A cobrança tem origem na lei aprovada pelo Congresso dos Estados Unidos em 2024, que exigia a venda das operações americanas do TikTok ou a retirada do aplicativo do mercado norte-americano. A lei buscava reduzir preocupações de segurança nacional associadas ao possível acesso do governo chinês a dados de usuários e à influência da ByteDance sobre o conteúdo que a plataforma exibe.
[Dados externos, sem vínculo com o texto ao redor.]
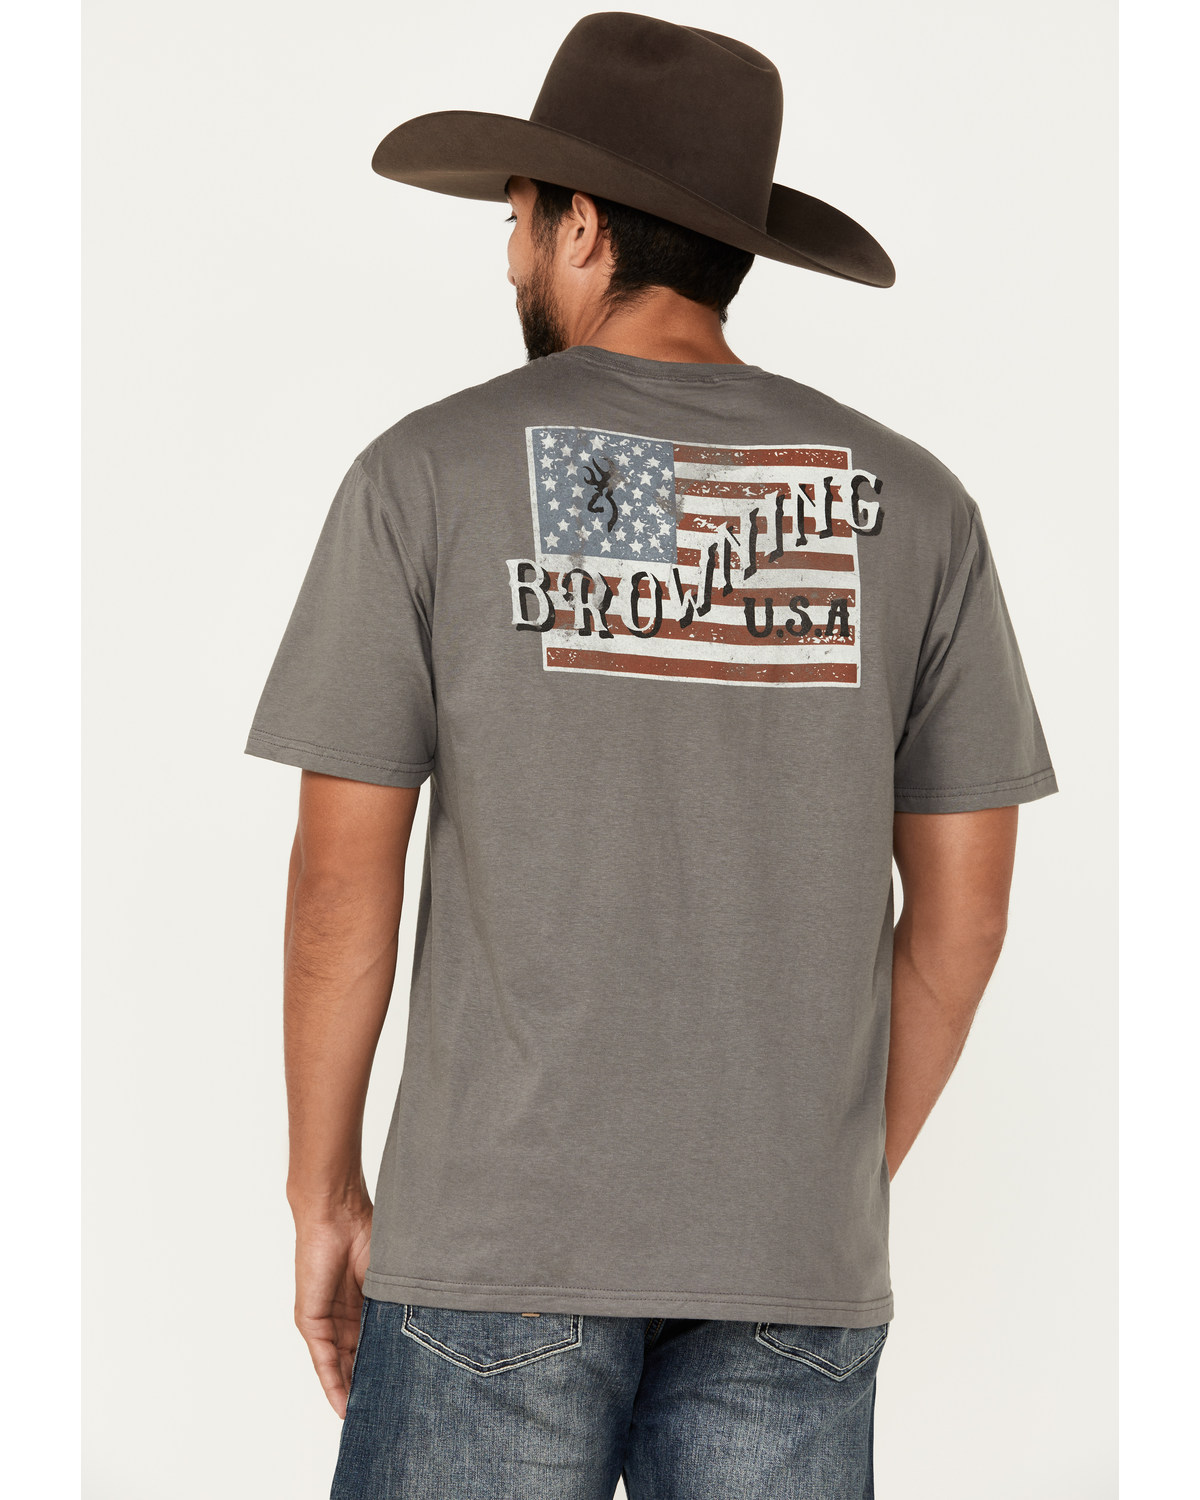 Browning Men's Scroll Buckmark Flag Short Sleeve Graphic T-Shirt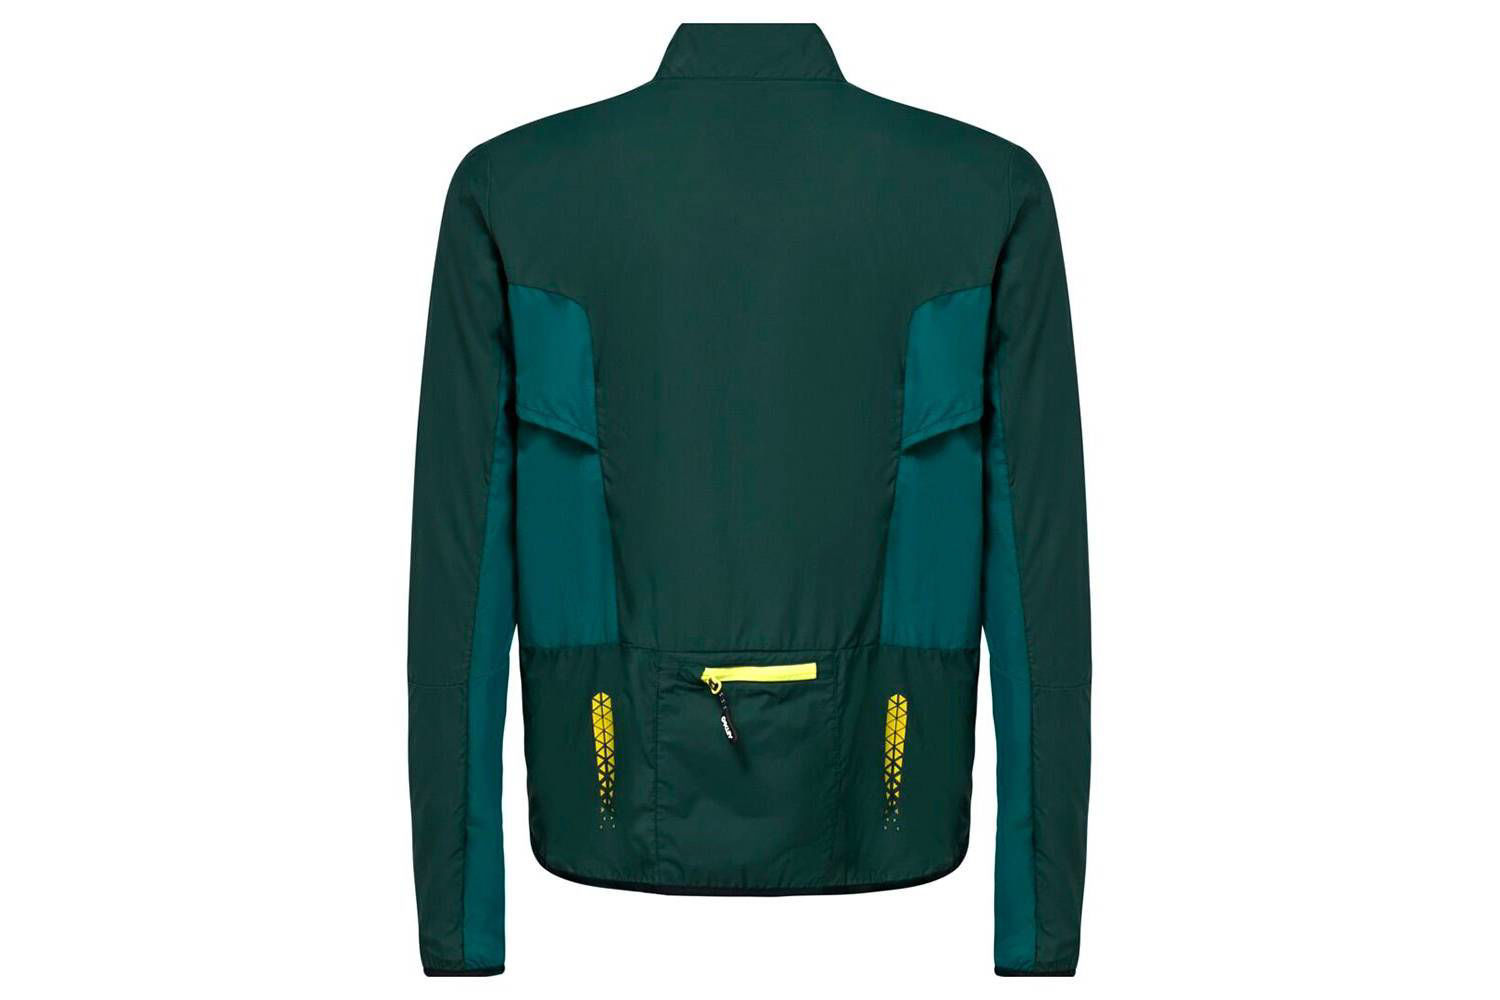 Picture of OAKLEY Elements Green Windproof Jacket

Segundo o gabinete de Markey, a legislação também buscava impedir que a ByteDance mantivesse relação operacional com a empresa responsável pelo TikTok nos EUA após a venda.

A Reuters informou que a nova estrutura deixou a ByteDance com participação de 19,9% no TikTok USDS, enquanto investidores dos Estados Unidos e de outros países passaram a deter 80,1% da joint venture. A Oracle ficou responsável pelos serviços de segurança ligados a dados e algoritmo da plataforma, por meio de sua infraestrutura de nuvem baseada nos Estados Unidos.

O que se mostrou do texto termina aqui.